Serial time-resolved crystallography of photosystem II using a femtosecond X-ray laser

Christopher Kupitz, Shibom Basu, Ingo Grotjohann, Raimund Fromme, Nadia A. Zatsepin,Kimberly N. Rendek, Mark S. Hunter, Robert L. Shoeman, Thomas A. White, Dingjie Wang,Daniel James, Jay-How Yang, Danielle E. Cobb, Brenda Reeder, Raymond G. Sierra,Haiguang Liu, Anton Barty, Andrew L. Aquila, Daniel Deponte, Richard A. Kirian, Sadia Bari,Jesse J. Bergkamp, Kenneth R. Beyerlein, Michael J. Bogan, Carl Caleman et al.

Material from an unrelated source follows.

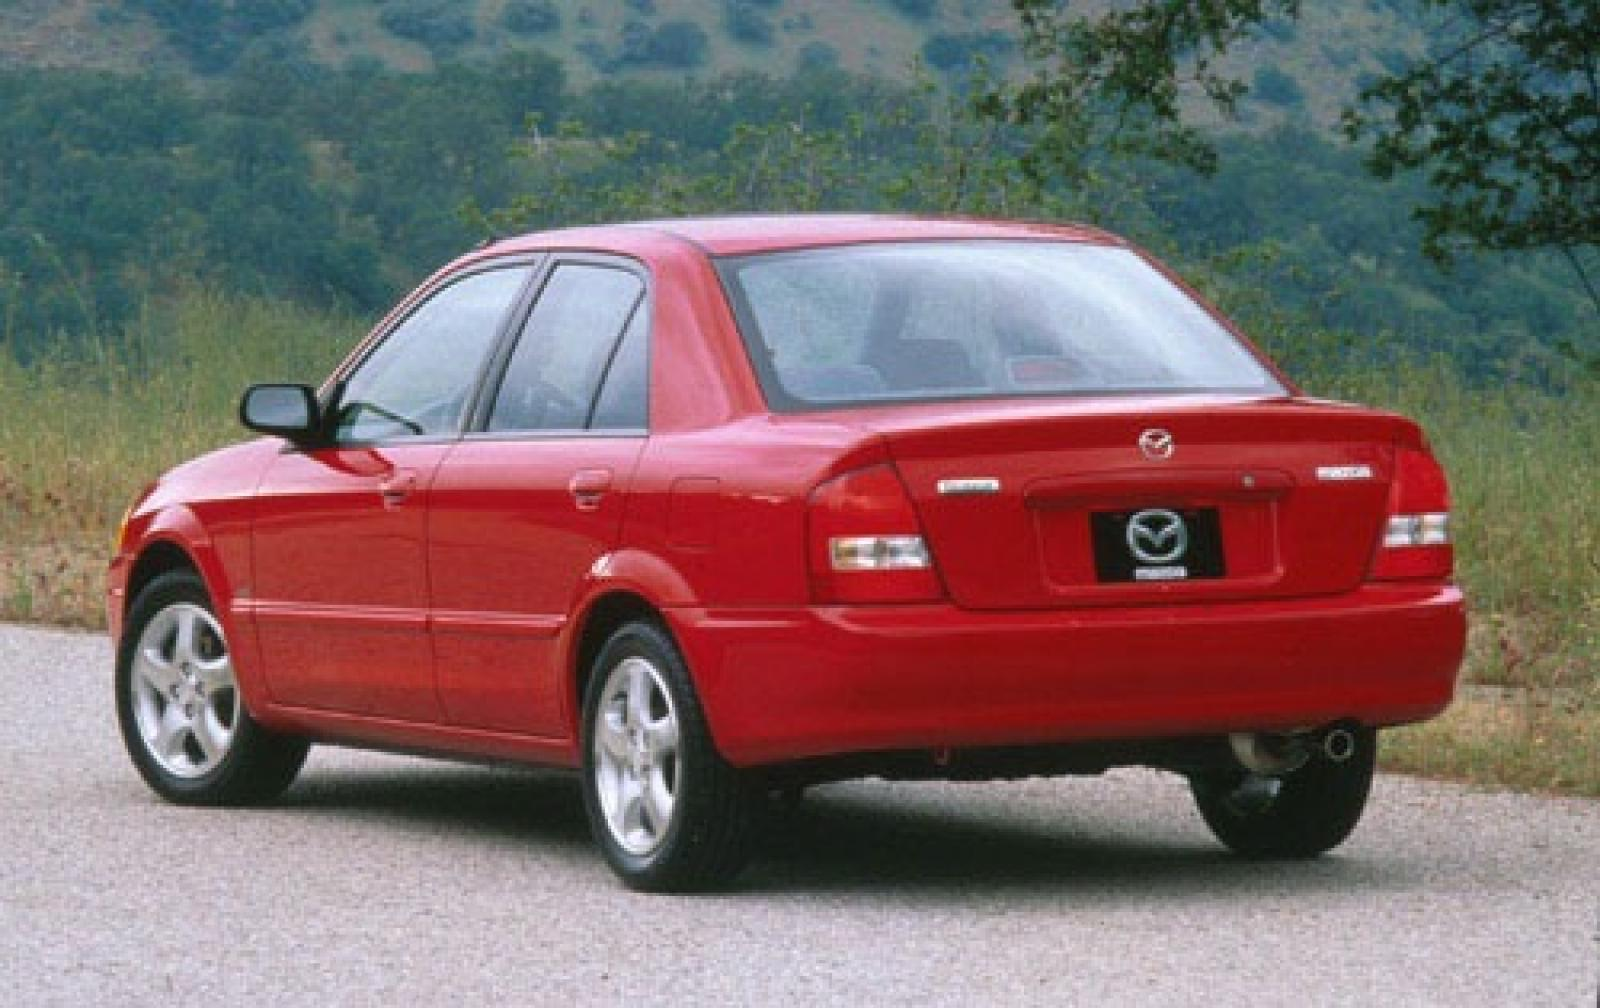 2002 Mazda Protege5 Fuse Box Wiring Diagram Landor Engine For Protege 5 6 2001 Interior

Photosynthesis, a process catalysed by plants, algae and cyanobacteria converts sunlight to energy thus sustaining all higher life on Earth. Two large membrane protein complexes, photosystem I and II (PSI and PSII), act in series to catalyse the light-driven reactions in photosynthesis. PSII catalyses the light-driven water splitting process, which maintains the Earth’s oxygenic atmosphere. In this process, the oxygen-evolving complex (OEC) of PSII cycles through five states, S0 to S4, in which four electrons are sequentially extracted from the OEC in four light-driven charge-separation events. Here we describe time resolved experiments on PSII nano/microcrystals from Thermosynechococcus elongatus performed with the recently developed technique of serial femtosecond crystallography. Structures have been determined from PSII in the dark S1 state and after double laser excitation (putative S3 state) at 5 and 5.5 Å resolution, respectively. The results provide evidence that PSII undergoes significant conformational changes at the electron acceptor side and at the Mn4CaO5 core of the OEC. These include an elongation of the metal cluster, accompanied by changes in the protein environment, which could allow for binding of the second substrate water molecule between the more distant protruding Mn (referred to as the ‘dangler’ Mn) and the Mn3CaOx cubane in the S2 to S3 transition, as predicted by spectroscopic and computational studies. This work shows the great potential for time-resolved serial femtosecond crystallography for investigation of catalytic processes in biomolecules.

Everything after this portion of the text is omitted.